The conversion has resulted in up to two lost production days during each
change, some short-term operational inefficiencies and time lost as
production employees have familiarized themselves with the new equipment.
Also, management has been required to spend time with the conversion at the
expense of the normal daily operations.

In July, the company expanded its operations in the Los Angeles, CA market
with the purchase of Five Bros., Incorporated's assets in Walnut and Ontario,
CA. The Company purchased these assets for $1.1 million. The Walnut location
gives the company its first tire production facility in the Los Angeles area.


The following table sets forth for the periods indicated a summary of the
Company's operating costs and expenses as a percentage of sales.

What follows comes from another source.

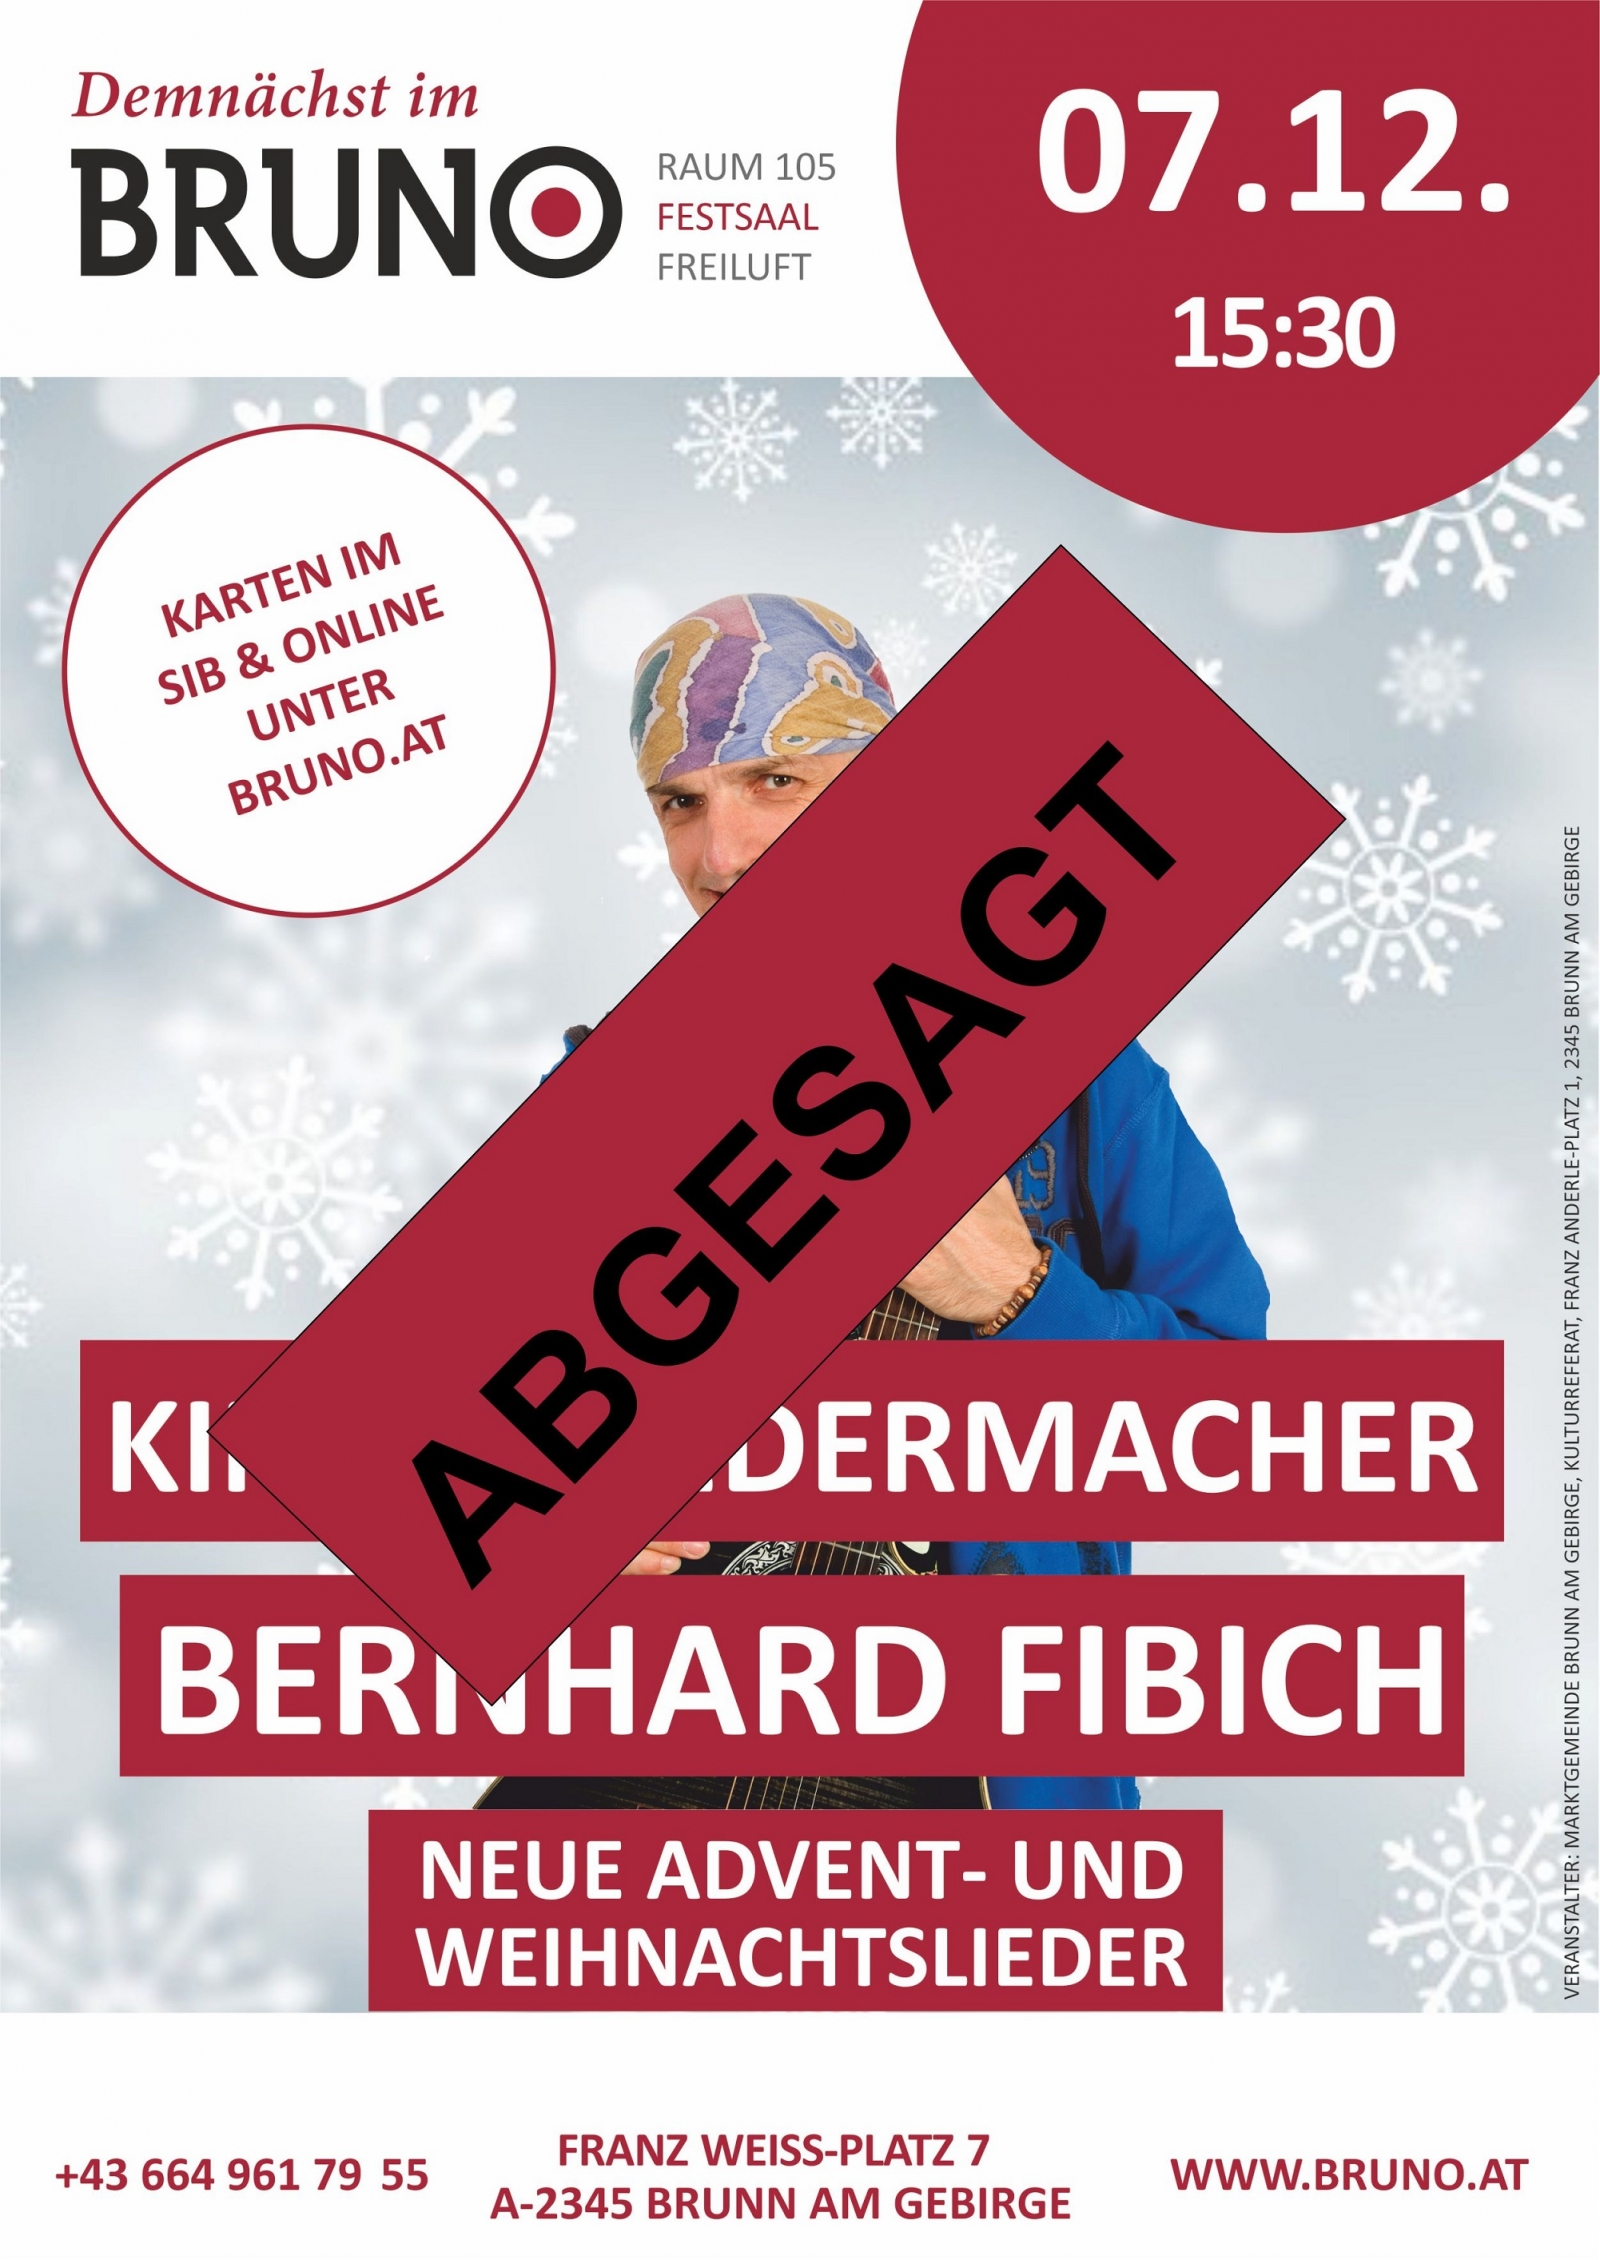 Bernhard Fibich – „Neue Advent- und Weihnachtslieder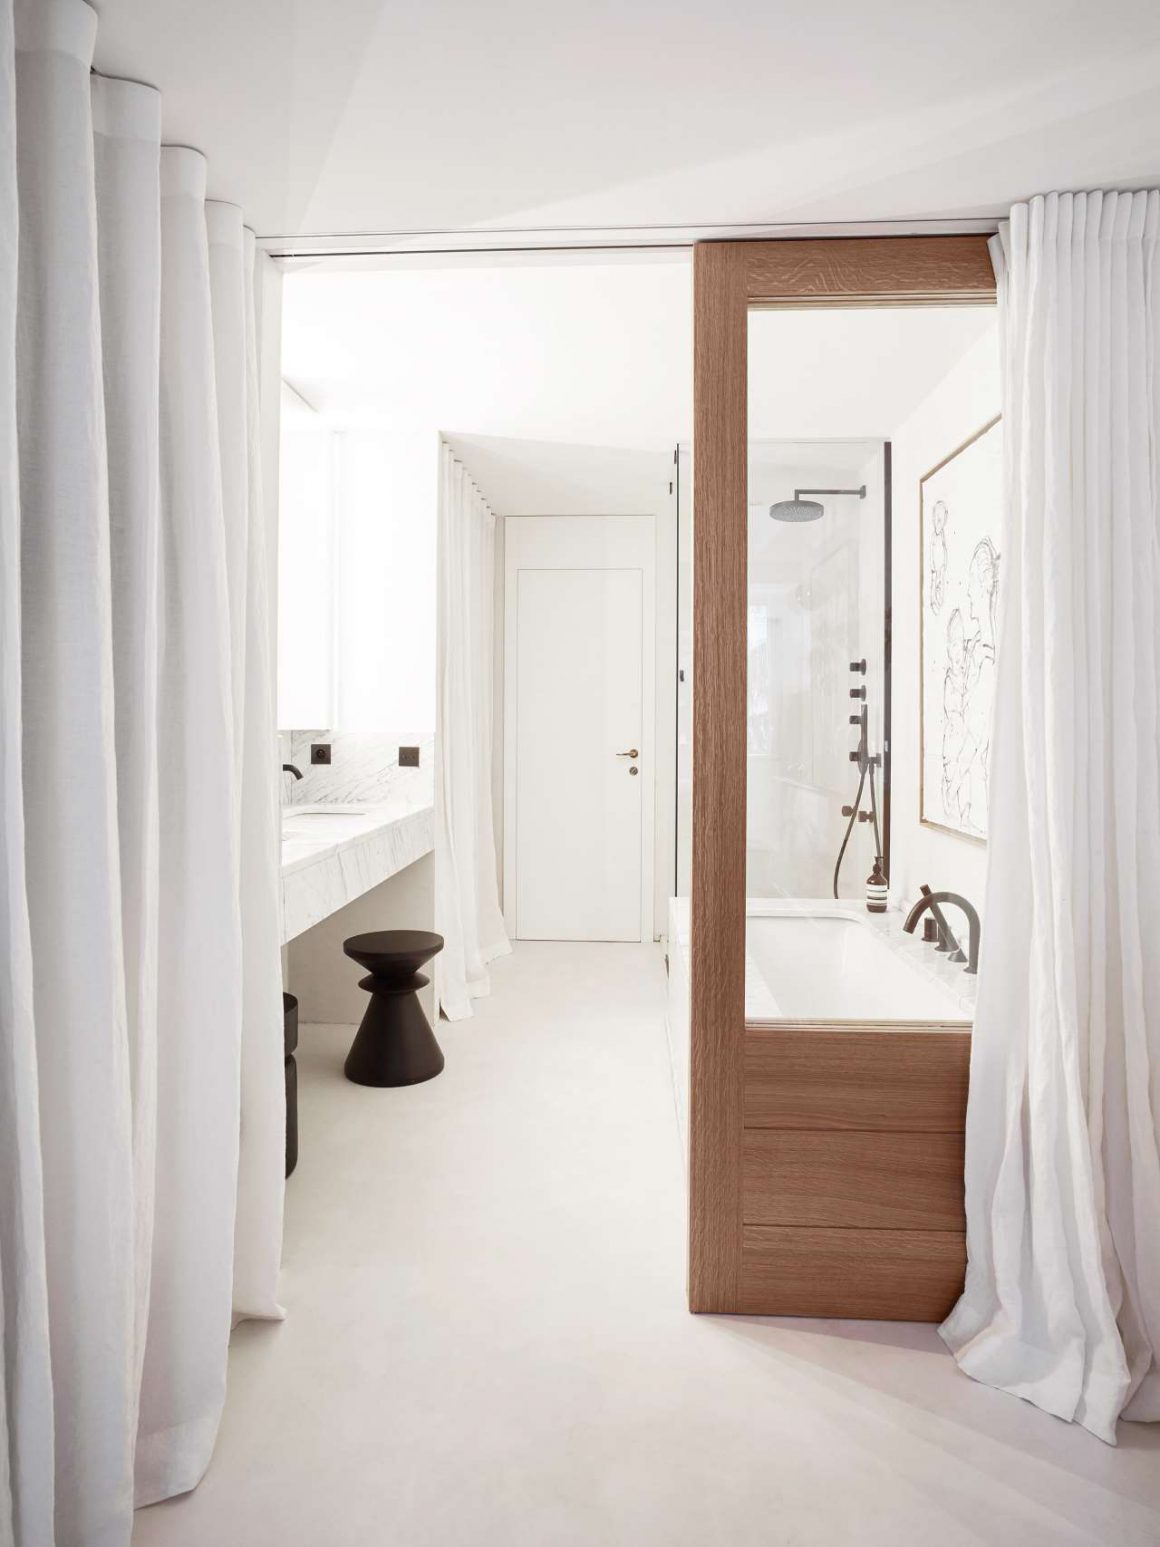 Salle de bain en longueur dans les tons de blanc et marron avec un évier un espace lavabo en marbre. Les vitres de la douche sont transparentes et bordurées par du bois rappelant la séparation de la chambre avec le reste de l'étage.

                                       Three Months Ended   Six Months Ended
                                            June 30             June 30
                                        1996      1995      1996      1995

                                                          
COSTS AND EXPENSES
  Materials and cost of new tires       73.0%     69.5%     73.2%     69.6%
  Salaries and wages                    15.3      13.2      15.8      13.5
  Depreciation and amortization          2.8       2.1       2.7       2.1
  Administrative and general            12.3      10.1      12.4       9.7
  Amortization of goodwill               0.3       0.3       0.3       0.4
                                       -----      ----     -----      ----
                                       103.7%     95.2%    104.4%     95.3%
                                       =====      ====     =====      ====

The Company is affected by seasonal fluctuations, which influence the demand
for retreads and new tires. The Company generally experiences reduced demand
for retreads and new tires in the first quarter due to more difficult driving
and tire maintenance conditions resulting from inclement weather. The Company
is also subject to cyclical national and regional economic conditions.

Three Months Ended June 30, 1996 as Compared to Three Months
Ended June 30, 1995

Sales (including sales to affiliates) for the three months ended June 30,
1996 decreased 5.1% to $36.1 million from $38.1 million for the three months
ended June 30, 1995. Sales from retreading for the three months ended June
30, 1996 were $18.3 million, a 10% decrease from $20.4 million during the
three months ended June 30, 1995. Sales of new tires for the three months
ended June 30, 1996 were $17.8 million, a 0.5% increase from $17.7 million
during the three months ended
June 30, 1995. During the three months ended June 30, 1996, the Company sold
approximately 145,000 retreaded truck tires, a decrease of 10.7% from the
three months ended June 30, 1995 and new tires sold decreased 1.9% to 99,000
tires.

Economic conditions continued to weaken demand for both new replacement and
retreaded truck tires during the quarter. The Company faces new competition
at many of its locations, which has placed added pricing pressure in the
marketplace. As anticipated, Bandag, Inc. continues to target the Company's
accounts which has caused difficulty in retaining the national account
business and in some cases the business retained is at lower margins.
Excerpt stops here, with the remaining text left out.